Readers are not fooled by Miss Kilman’s aura of religious superiority and arrogance. Although she claims “I don’t pity myself…I pity other people…” on page 2229, and her inner monologue reads, “Fool! Simpleton! You who have known neither sorrow nor pleasure, who have trifled your life away!” while in the presence of Mrs. Dalloway on page 2225, the guise can be pulled back to see a classic case of ‘sour grapes.’ No matter how much she pities people or boasts her own intelligence, the fact remains that Miss Kilman is unpopular and knows it. “I never go to parties,” she says on page 2229, ”People don’t ask me to parties.”

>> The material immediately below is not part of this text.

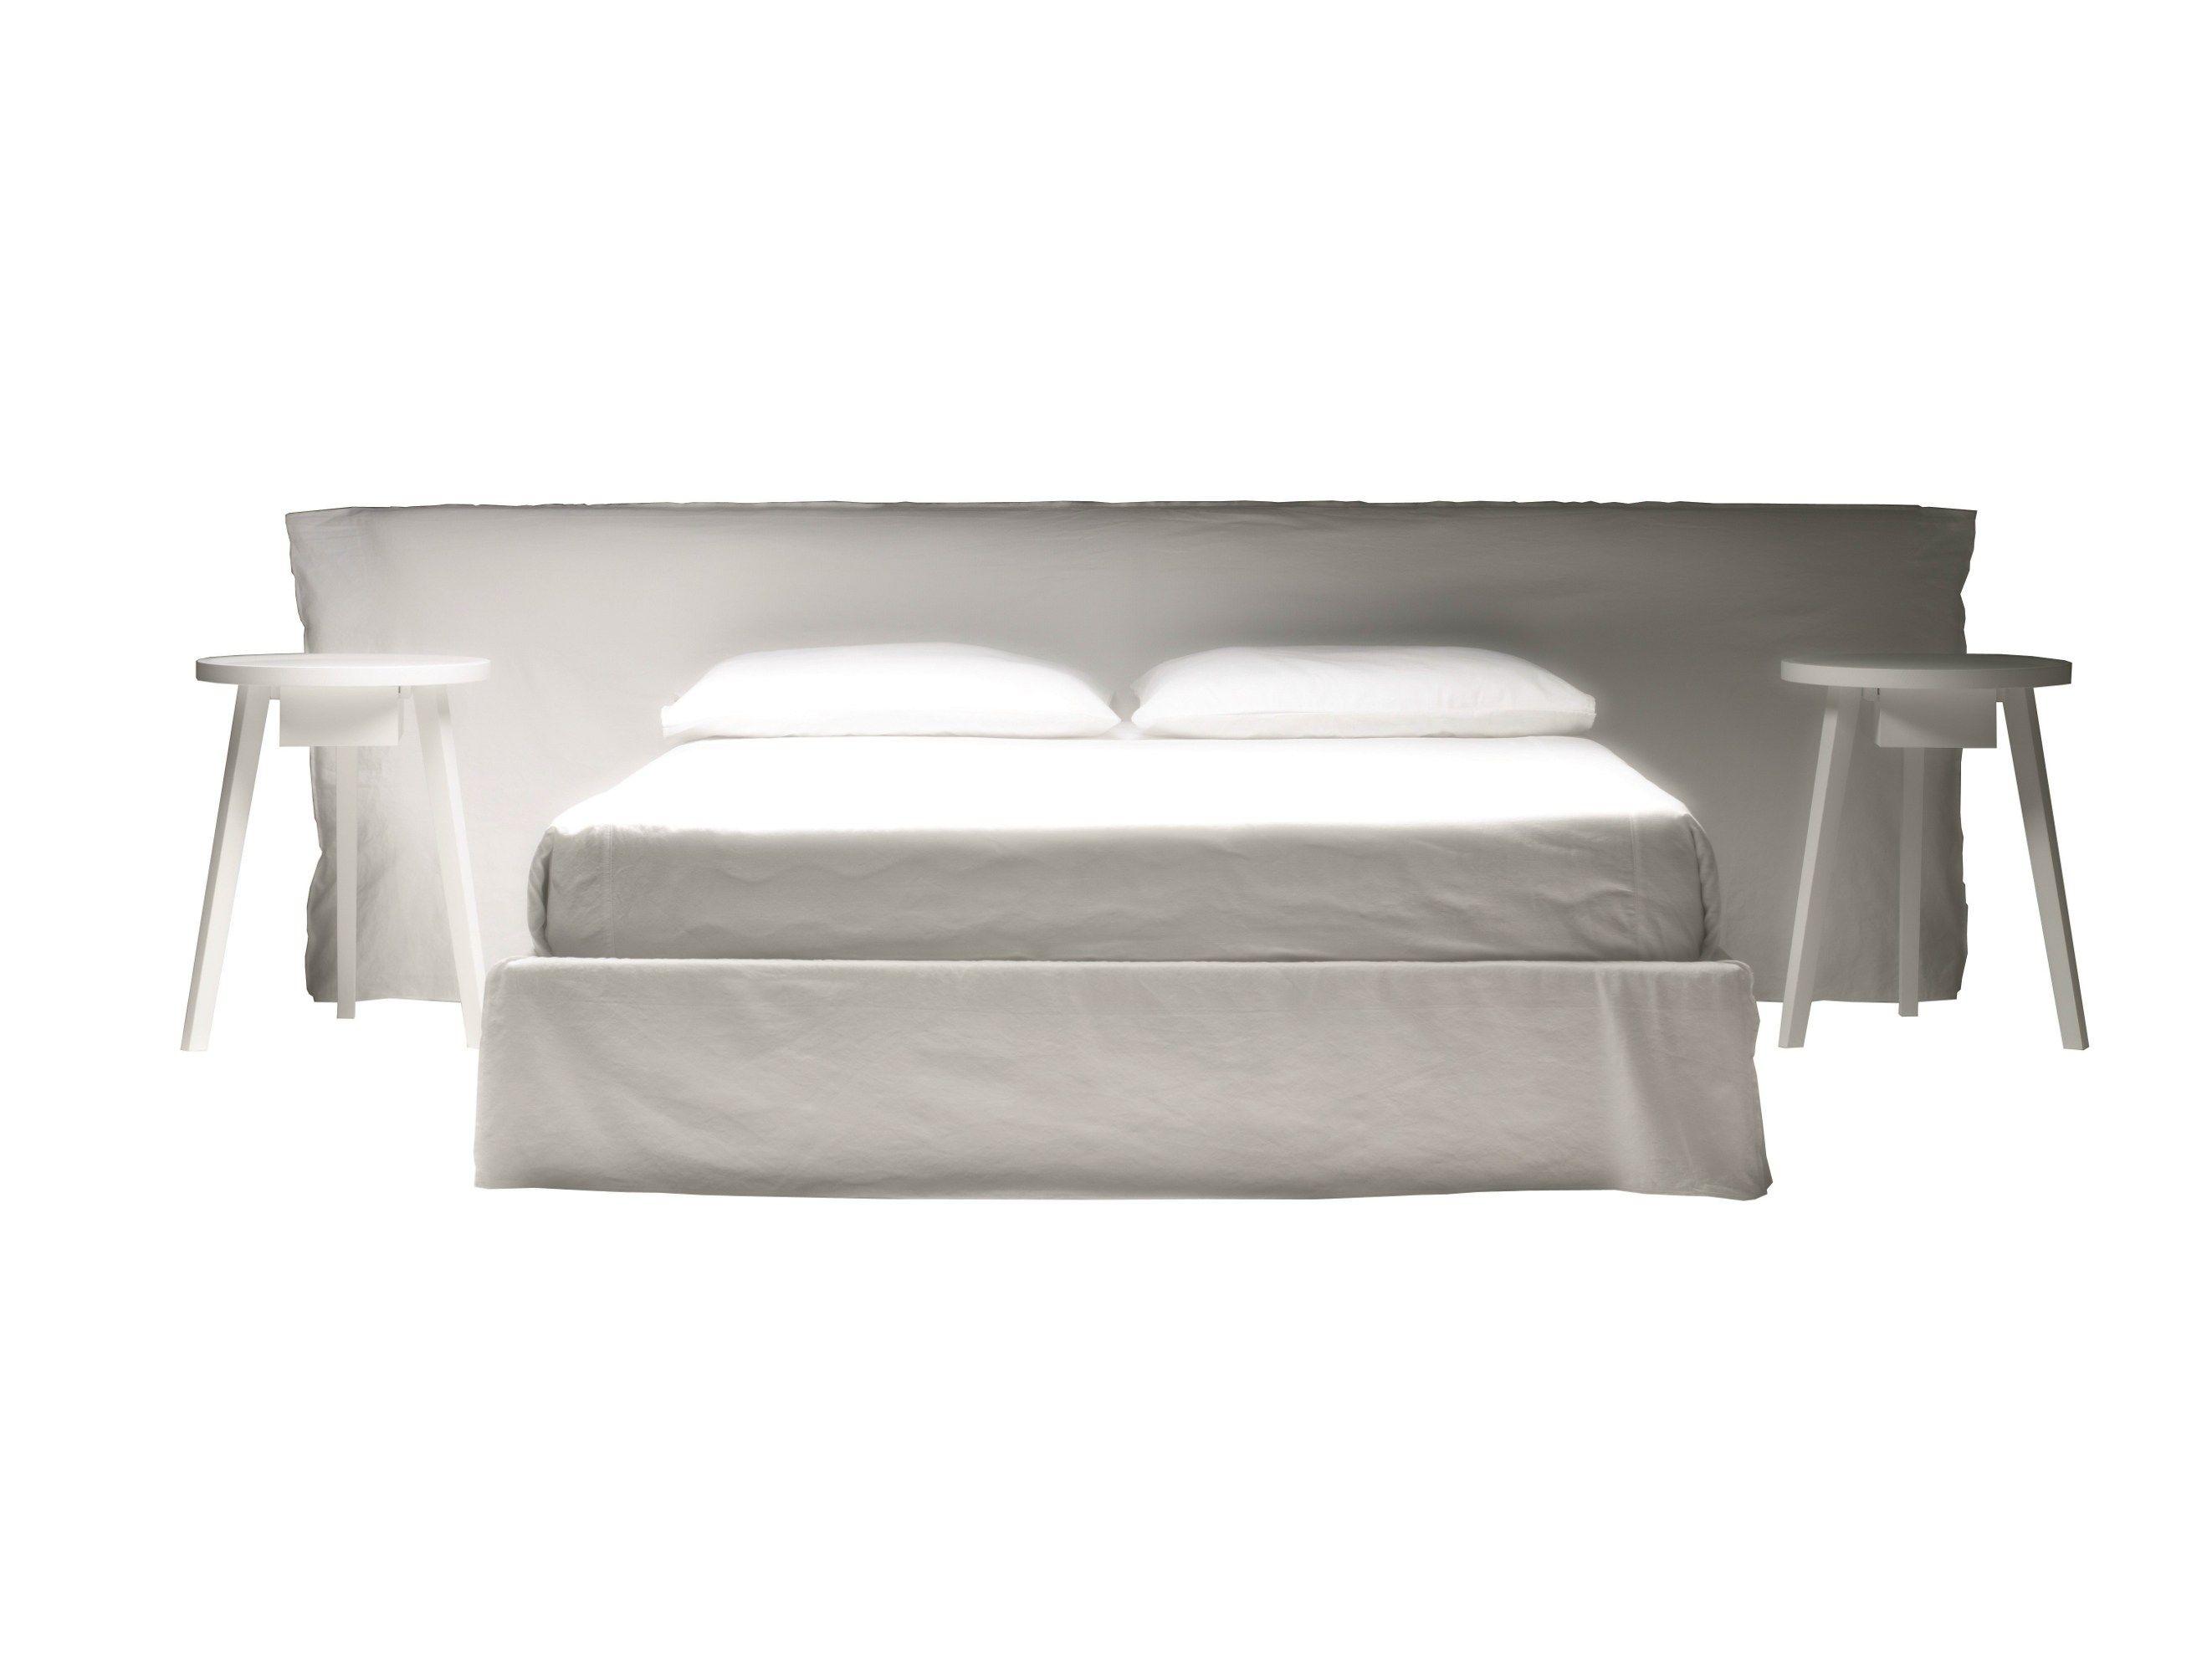 lit double avec rev tement amovible ghost 81 by gervasoni. Black Bedroom Furniture Sets. Home Design Ideas

However, company does not always equal contentment,as the novel “Mrs. Dalloway” proves. Even though Clarissa is a respectable woman in society, married, has a child, is fairly wealthy, she still feels uneasy in her seemingly perfect life. When Peter criticized her for marrying Richard Dalloway, claiming she’d fall into the ‘perfect hostess’ role, she cried distressedly. The marriage between Richard and Clarissa is seen by several characters, including Clarissa at times, as a compromise.
This awareness can be seen through a recollection of Clarissa’s time with Sally Seton. Sally was seen a social deviant as well, but is not characterized very negatively in the book, although Clarissa recalls Sally as “completely reckless; did the most idiotic things out of bravado…Absurd, she was-very absurd” on page 2174. If anything, she’s characterized as a strong woman who breaks social boundaries. Whether the good or bad kind of social deviant, a relationship with Sally was deemed too dangerous for Clarissa, as characterized on page 2173 as “an illumination; a match burning in a crocus; an inner meaning almost expressed.” Clarissa’s inability to match Sally’s level of deviancy or be associated with it caused her to miss out on a romantic opportunity. Her adherence to social rules left her at a regrettable loss. “Had not that, after all, been love?” she also wondered on page 2173. Peter Welsh, too, mourns the marriage between Clarissa and Richard, considering it a death to Clarissa’s soul. However, he wasn’t upset that Clarissa didn’t end up with Sally; he was upset she didn’t end up with him.
Another woman finding unhappiness in adherence is Lady Bradshaw. Married to Dr. Bradshaw, Lady Bradshaw was subjected to a rigid regime of conformity by the doctor. It is clearly stated on page 2212 of the book by Woolf, “For Example, Lady Bradshaw. Fifteen years ago she had gone under.” Lady Bradshaw was described as an adamant fisher and generally carefree, which was considered deviant behavior for a woman. Upon marrying Dr. Bradshaw, Lady Bradshaw was put in a similar position as Septimus; one must surrender their soul to be accepted into the society that has norms. Instead of making the ultimate escape, however, Lady Bradshaw trades in her social deviance for the comfort of respectable husband and the respectability that comes with it. She survives to the end of the novel; she survives in body but arguably not in soul.
Thus, it can be seen that Charles Dickens and Virginia Woolf had different ideas about deviance and conformity and different themes they wanted to present to their readers; Dickens’ novel shows the power of social deviance and the heroes getting the endings they deserve, while Woolf’s tale argues that one’s actions do not guarantee any success or failure in life.